Duas Joyces
É minha segunda semana na Universidade Federal do ABC e parece que voltei para o ensino fundamental. Me sinto novamente um renegado, sinto toda uma aversão pela maioria das pessoas e muito poucas me atraem ou são atraídas por mim, e de certa forma isso é bom ao mesmo tempo que não é.
Em um dado dia, uma segunda-feira não muito memorável, cheguei quarenta minutos atrasado para a aula e o professor pediu para que respondêssemos duas questões que estavam na lousa, em grupo. Juntei-me a duas garotas e um outro rapaz, todos também estavam atrasados, formamos um grupo e demos início. Respondemos tudo rapidamente, e ficamos papeando. Uma das garotas se chama Joyce. Ela é magra, jovem, tem estatura mediana, cabelos compridos e escuros, olhos pequenos, olhar sereno e alegre. Suas feições chamam a atenção e são difíceis de definir, pode-se dizer que ela tem um charme bastante único. Seus seios são pequenos e também não tem muita bunda, mas é muito bonita de se ver, é fácil admirá-la pelas formas. Ela sorri bastante e abertamente, pude perceber que ela é muito inteligente e muito simples ao mesmo tempo, não é uma pessoa enfadonha ou esnobe. Joyce contou-me um pouco de suas histórias e foi muito agradável, demos boas risadas.

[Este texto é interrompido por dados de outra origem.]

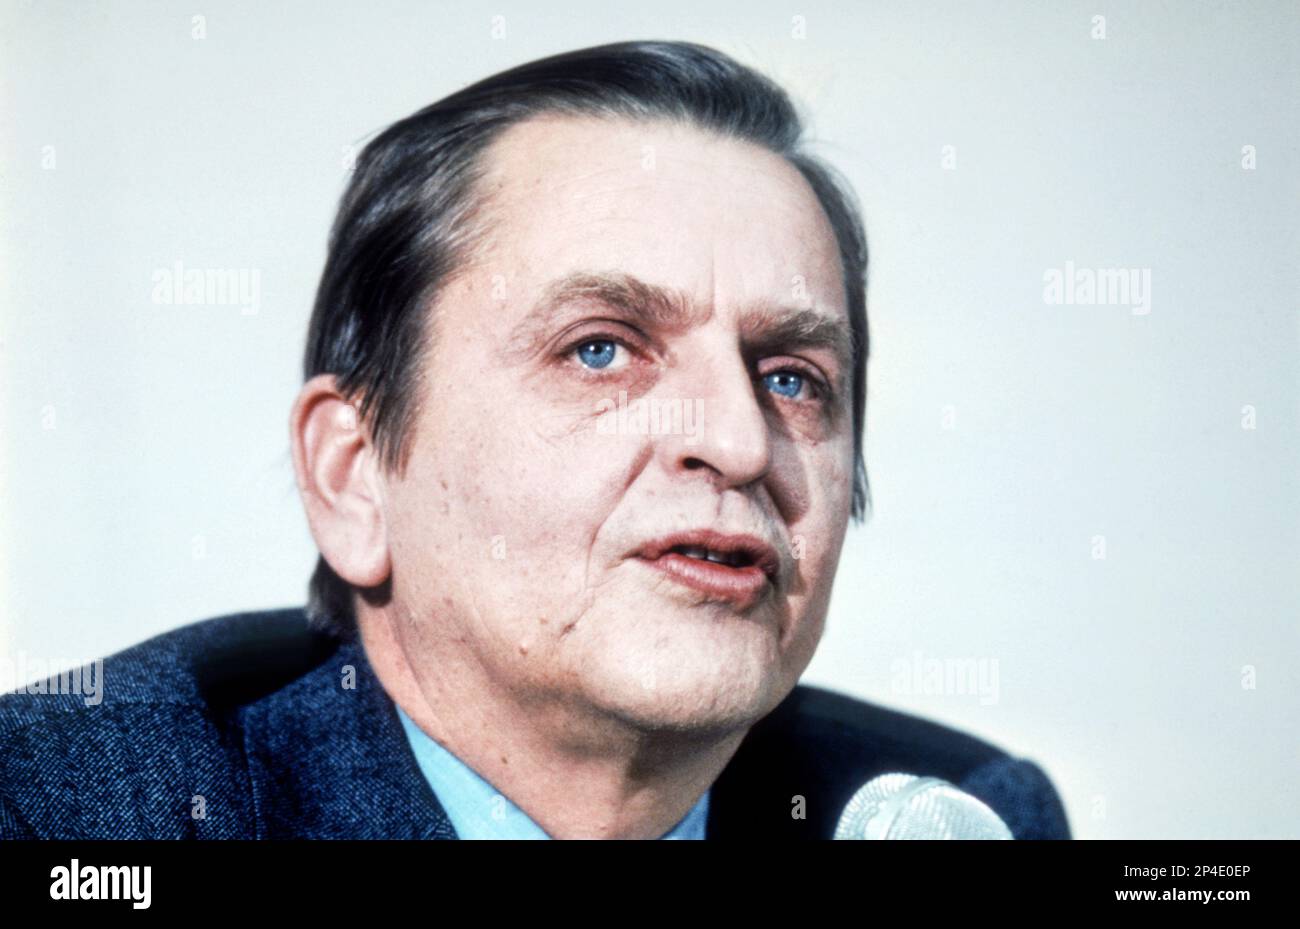 ARCHIVE 1976Swedish politician Olof Palme. He led Sweden's Social Democratic Workers' Party 1969-1986 and was Prime Minister  of Sweden1969-1976 and 1982-1986. Photo: SVT / TT Code: 5600 Stock Photo

É um alívio encontrar pessoas assim no meio de tanta gente sem sal. Pessoas assim são sopros de vida, são raios de Sol nos dias frios, são raridade. Depois daquelas risadas minha segunda-feira ficou bem menos insuportável e pesada. Não conheço ela profundamente, mas achei-a bastante amável em comparação com os demais.
Naquela mesma segunda, na fila do restaurante universitário, conversei com outra moça. Ela lê Dostoiévski e Tolstói e ouve Tchaikovski nas horas vagas e de todas as pessoas que pude conversar ela me pareceu a mais profunda e ainda que essa profundidade tenha me assustado um pouco no início, depois ela se mostrou bastante gentil e educada também. Ela se chama... Joyce e é muito bonita, tem lindos olhos grandes e acastanhados, cabelos escuros e médios e feições delicadas. Não pude reparar muito em seu corpo pois estava usando blusas pesadas, mas parece ser magra e esguia, contudo é formosa aos olhos. Almoçar com essa Joyce me proporcionou uma conversa muito agradável e isso também faz toda diferença. Não posso fazer nada além de elogiá-la. É outra Joyce que pude conhecer no mesmo dia e foi outra surpresa agradável. Essa Joyce se sente de forma muito parecida comigo em relação a faculdade (ela também não acha isso tão incrível como todos os outros, para nós dois não há nada de mais especial aqui do quê em qualquer outro lugar) e também é depressiva, por isso, acabei por me identificar muito com ela.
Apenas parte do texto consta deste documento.